DATA SECTION:
>>

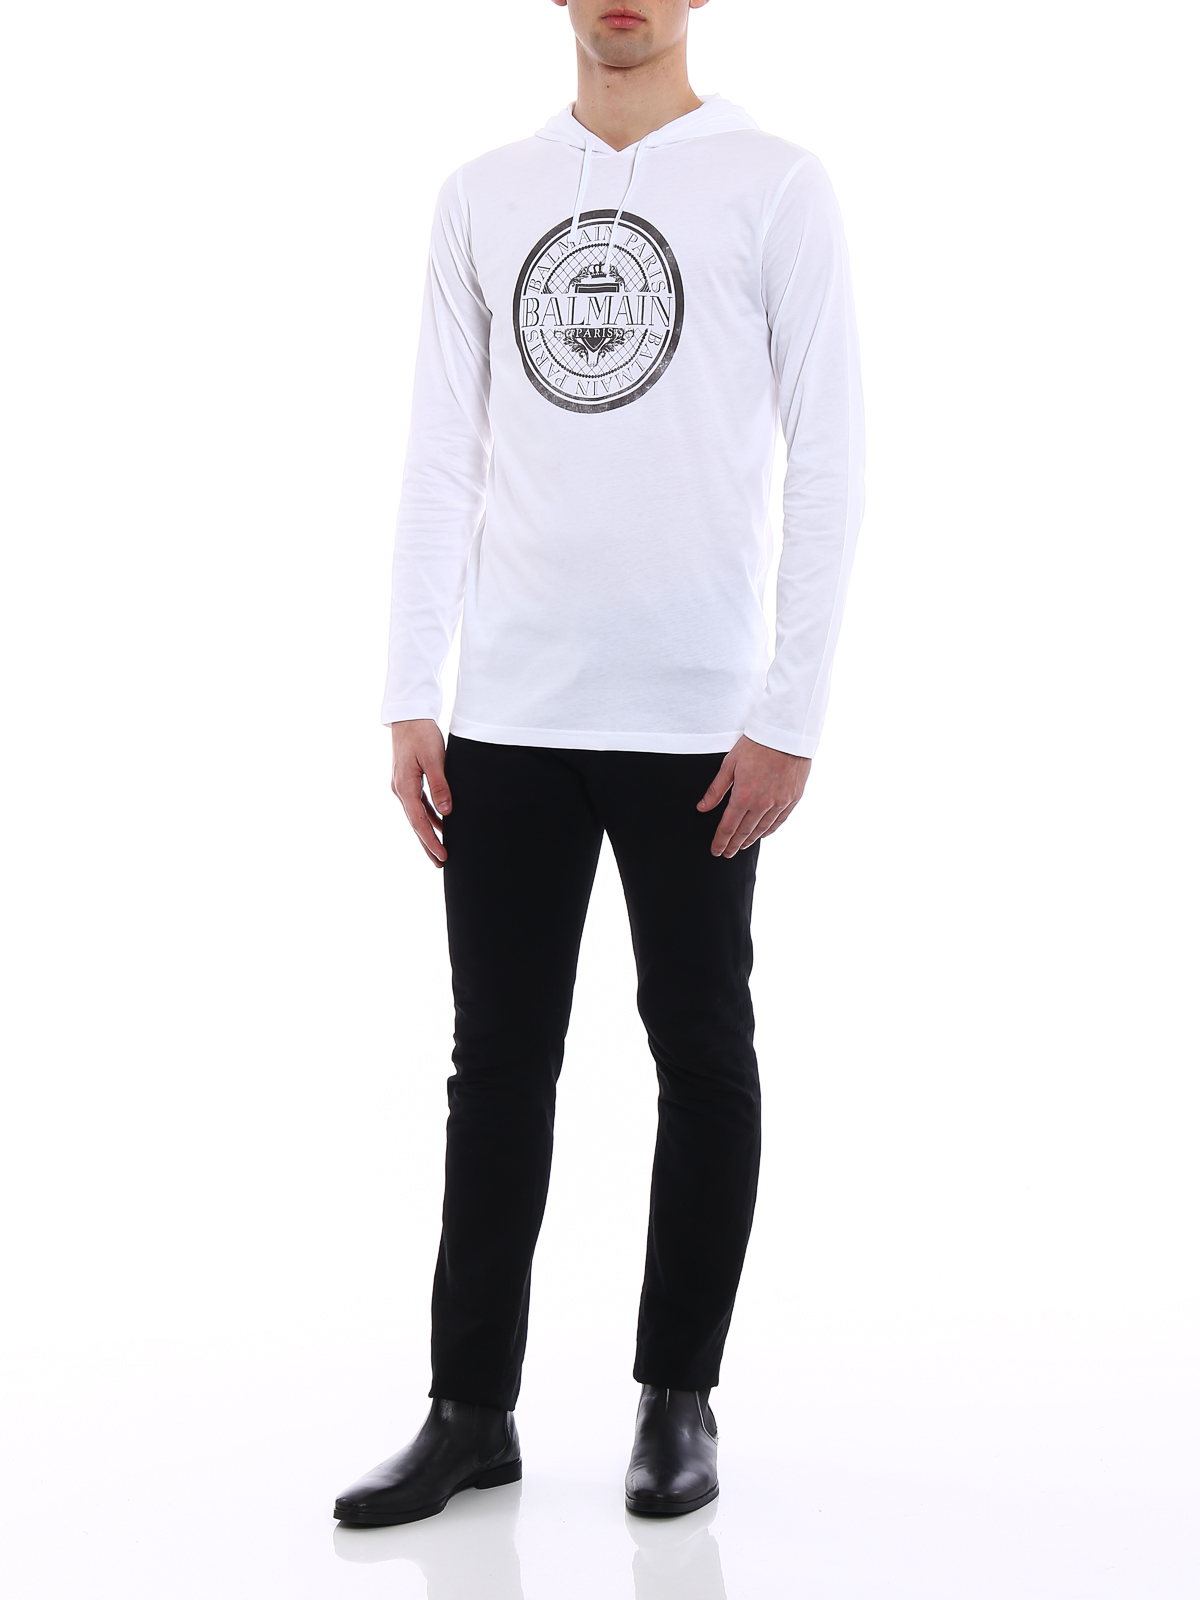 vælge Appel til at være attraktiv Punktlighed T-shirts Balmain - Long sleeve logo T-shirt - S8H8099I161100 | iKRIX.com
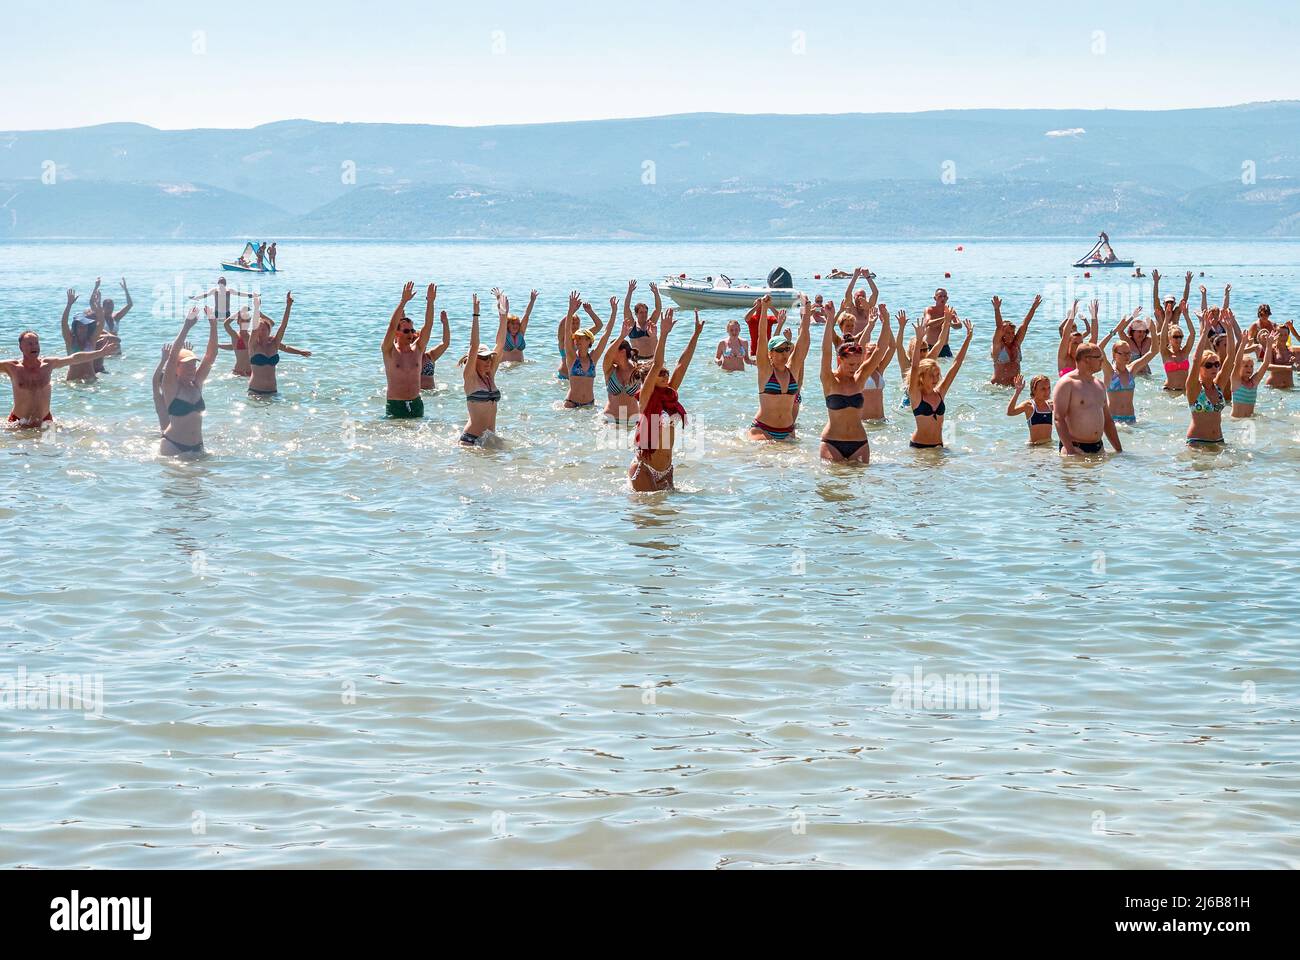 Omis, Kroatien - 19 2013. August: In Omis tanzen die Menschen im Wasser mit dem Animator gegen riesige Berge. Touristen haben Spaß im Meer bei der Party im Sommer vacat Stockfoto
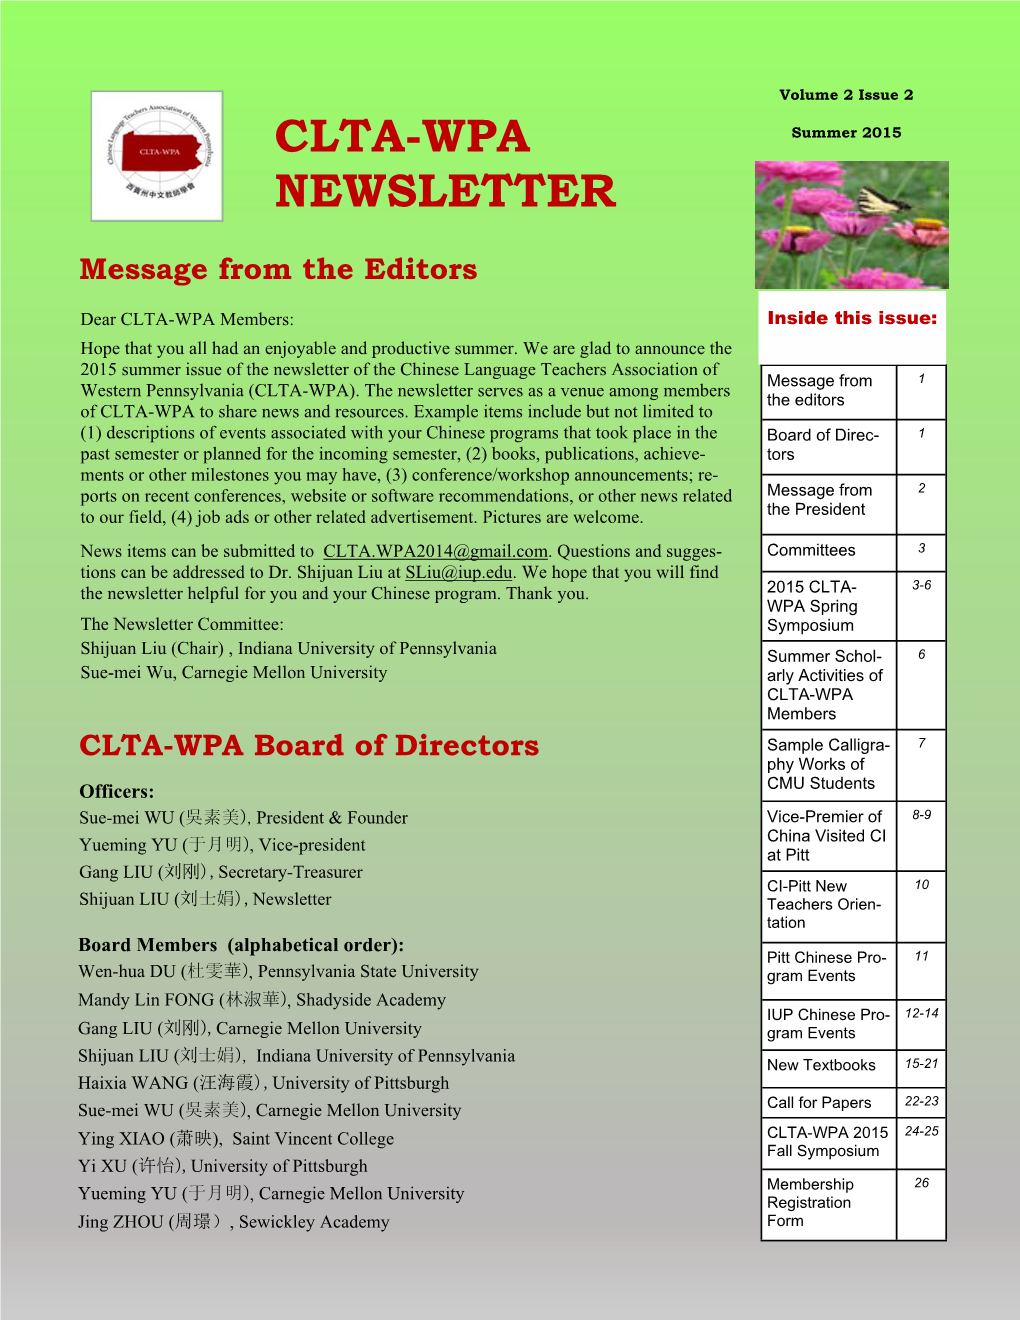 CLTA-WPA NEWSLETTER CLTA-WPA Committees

<<

REQUIRED WORK:
Retype the full listing above precisely. Exclude each picture you find in it.

ANSWER TO THIS EXERCISE:
 vælge Appel til at være attraktiv Punktlighed T-shirts Balmain - Long sleeve logo T-shirt - S8H8099I161100 | iKRIX.com
 Omis, Kroatien - 19 2013. August: In Omis tanzen die Menschen im Wasser mit dem Animator gegen riesige Berge. Touristen haben Spaß im Meer bei der Party im Sommer vacat Stockfoto
 CLTA-WPA NEWSLETTER CLTA-WPA Committees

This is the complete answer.